Folks on the business side of the networking industry are always asking, “what’s the next killer app?”A “killer app,” is an application or use that makes people go out and buy new technology. It’s the reason you’ve bought that same piece of music four or five times, on vinyl, then on CD, then in electronic format. It’s the reason you’ve bought that same movie four or five times, on Beta, then VHS, then DVD, now Blu-Ray. It’s the computer world equivalent of the ever changing hemline and topline in fashion. The first “killer app,” for computers was the spreadsheet. Then the word processor. Then voice over IP. Now it’s video and “convergence,” with “presence” being touted as a future killer app.
Now, let me move to an apparently unrelated question. If you walked into a coffee shop and sat down at a table with someone you’d never met, would you tell them everything you’ve put on Facebook? Why is it that girls who send nude pictures of themselves from their cell phones don’t just walk around nude in the first place? “I don’t want everyone to see,” just doesn’t seem to cut it as an excuse, does it?
The next killer app, you see, is you. Yes, you.

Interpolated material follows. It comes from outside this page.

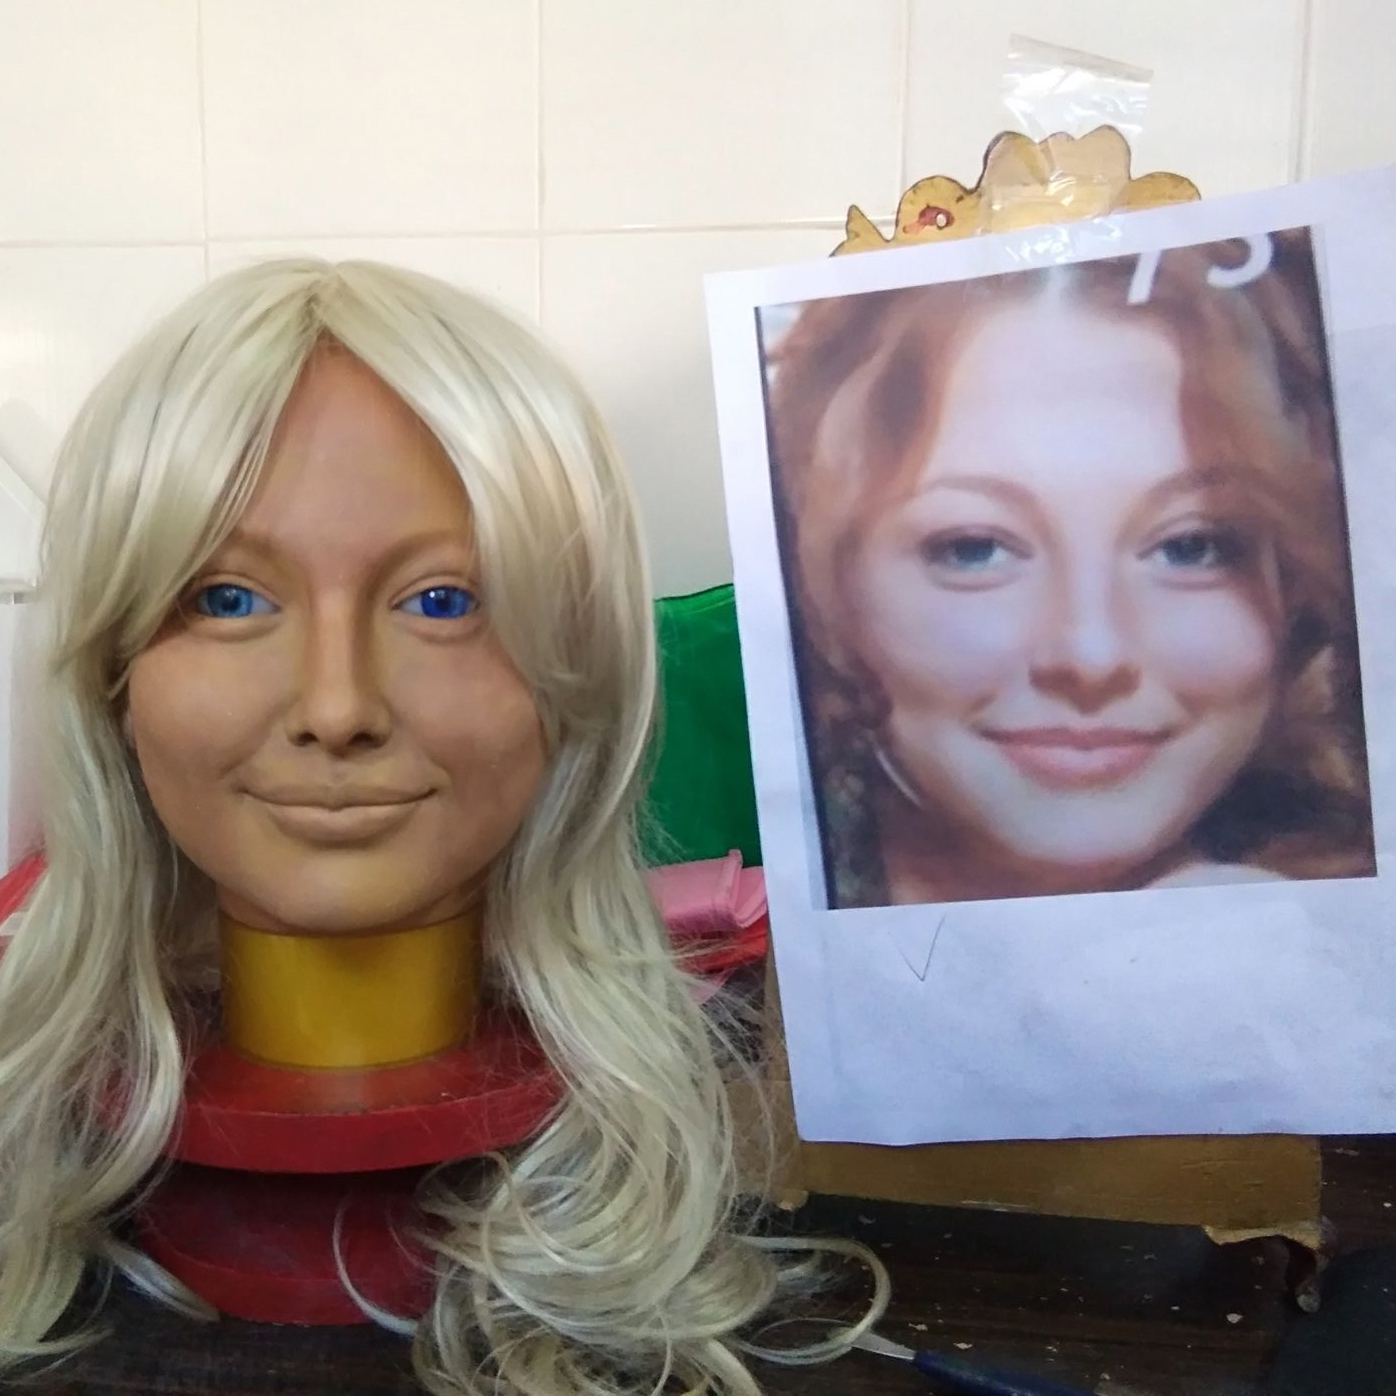 Ailijia realist sex doll head customized doll head for man with oral sexAilijia realist sex doll head customized doll head for man with oral sex

If you look at the list above, you’ll see that the first killer app was all about manipulating data. Yes, it was data about people, but it was pretty abstract data about people, and spreadsheets just weren’t powerful enough, in those days, to handle all the data we had at the same time. Over time, databases (effectively an alternate view of a spreadsheet, or the other way around), have become so powerful they can collect more information about you than you can remember about yourself. Who was your best friend in elementary school? You might not remember, but it’s in some computer someplace, and the computer will remember forever.

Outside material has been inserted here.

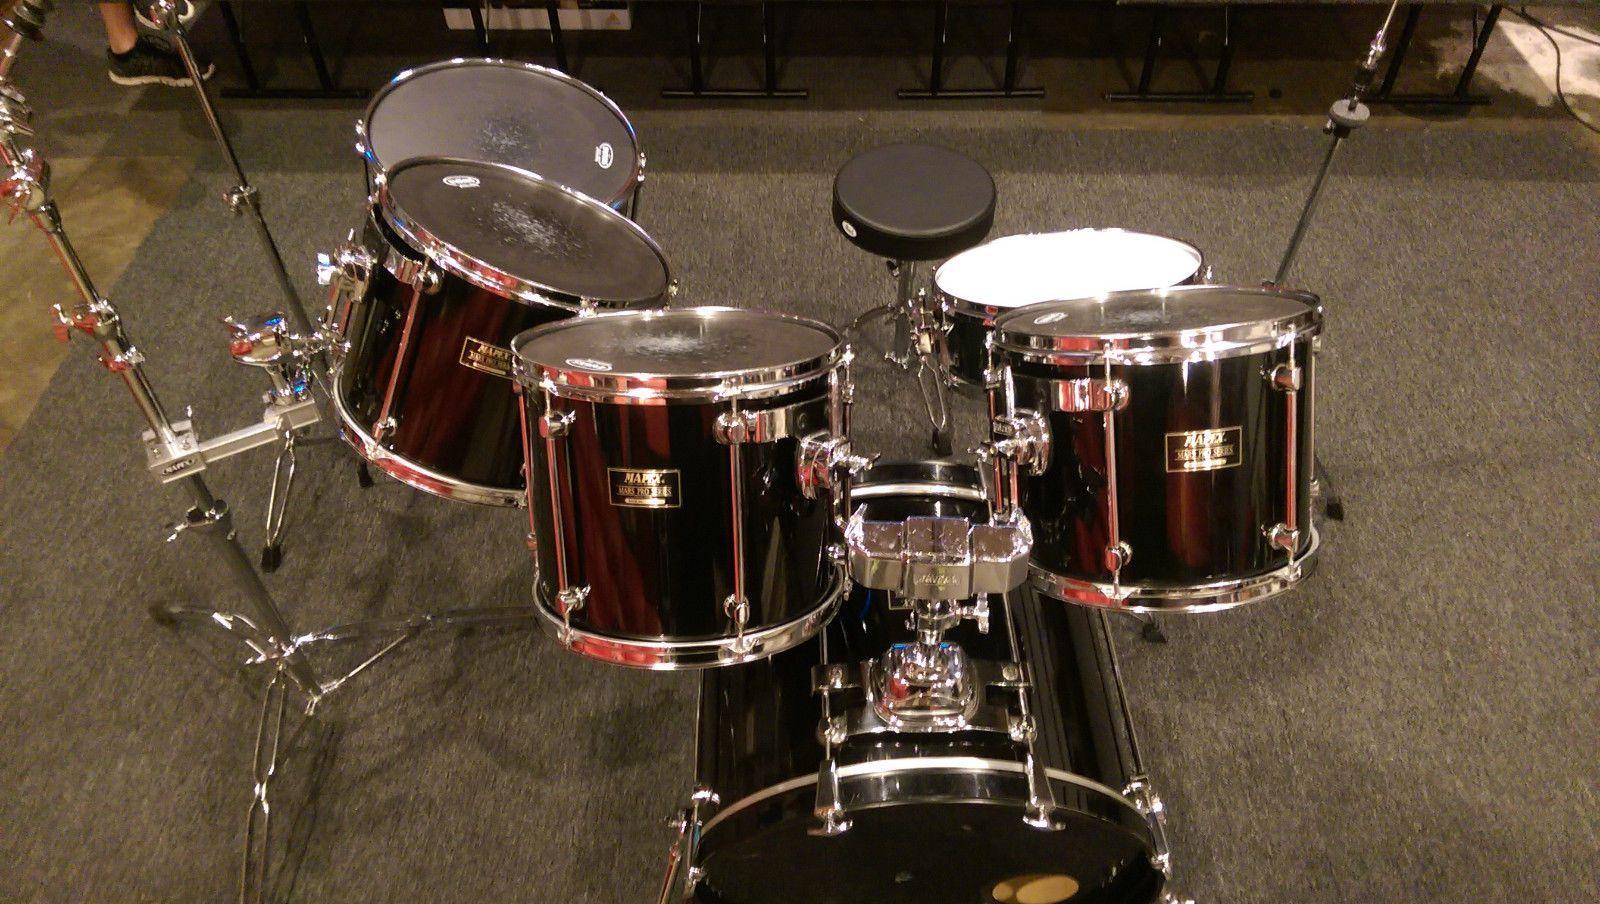 MAPEX MARS PRO SERIES DRUM SET 6 Piece Black Lacquer Drum Kit Including Two

As we move through time, the data has become more personal, hasn’t it? And that’s the point. Because the killer app has always really been you. On both sides of the equation.

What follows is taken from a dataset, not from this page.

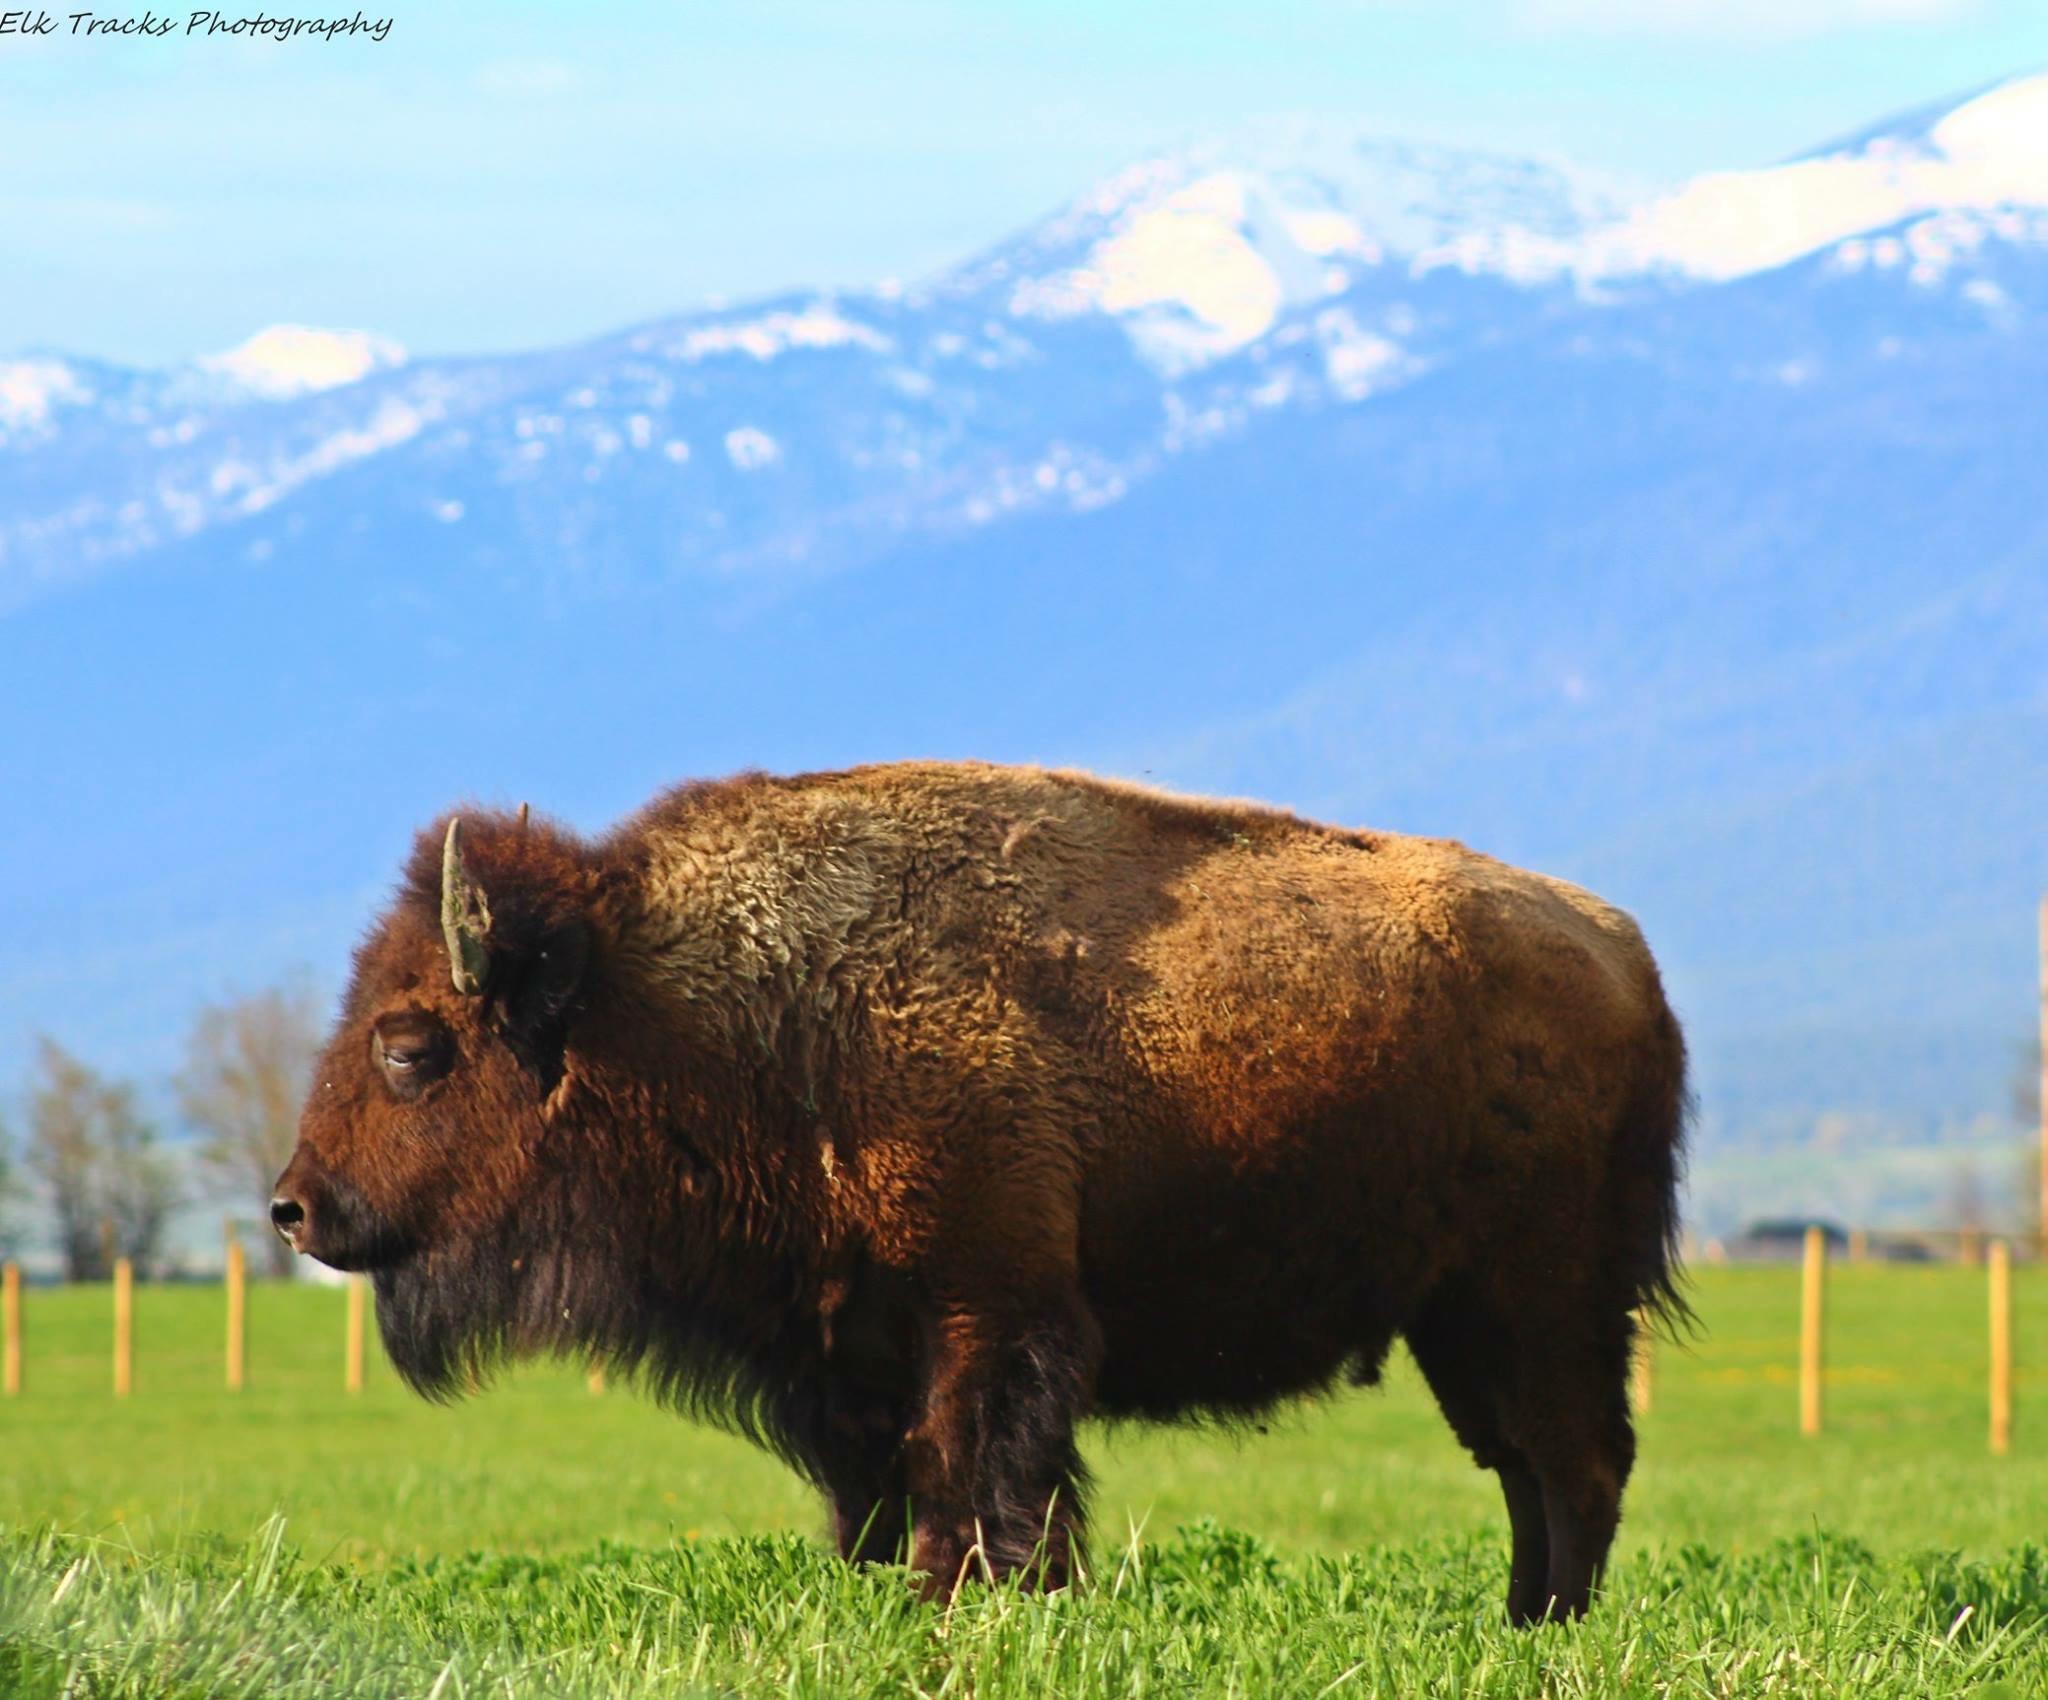 Grass Fed Bison Cow Enjoying The Sunshine

Because you enjoy watching people, and you enjoy being watched. Oh, I know people try and protect their privacy, but I’ll bet you find that as people spend more time on “social media,” they end up revealing more and more about themselves, as what was originally unfamiliar becomes more familiar (we are mostly afraid of that which we don’t experience), and as the desire to get attention increases.
Let me back up a bit, and rephrase the idea here, to make it more stark. The killer app is really voyeurism. The more people who expose themselves to the public eye in personal ways, the more material there is to watch, and the more people will watch. That which we feed becomes stronger, and voyeurism is no exception.
Voyeurism, through electronic means, seems to be harmless. After all, there are privacy guarantees on all these social media networks, aren’t there? And the person you’re interacting with isn’t really in your living room, or bedroom, so there’s little physical danger involved, right? And the people we’re watching, they put that information out there for us to look at, didn’t they?
But this focuses on the physical, at the expense of the spiritual. We miss the cultural implications of becoming a culture of voyeurs.
The real danger in voyeurism is in treating another human being as an object to be manipulated for our own pleasure. Once you’ve objectified a person, it’s hard to ever go back to seeing them as a real person, made in the image of God. Once you’ve started seeing the entire world through the lens of a paparazzi, it’s hard to go back to having real relationships with real people.
You are the killer app, the watcher, and the watched. A culture of voyeurs that eat bandwidth and demand new media formats to consume other people more quickly, and the fifteen second fame to entice people to allow themselves to be consumed.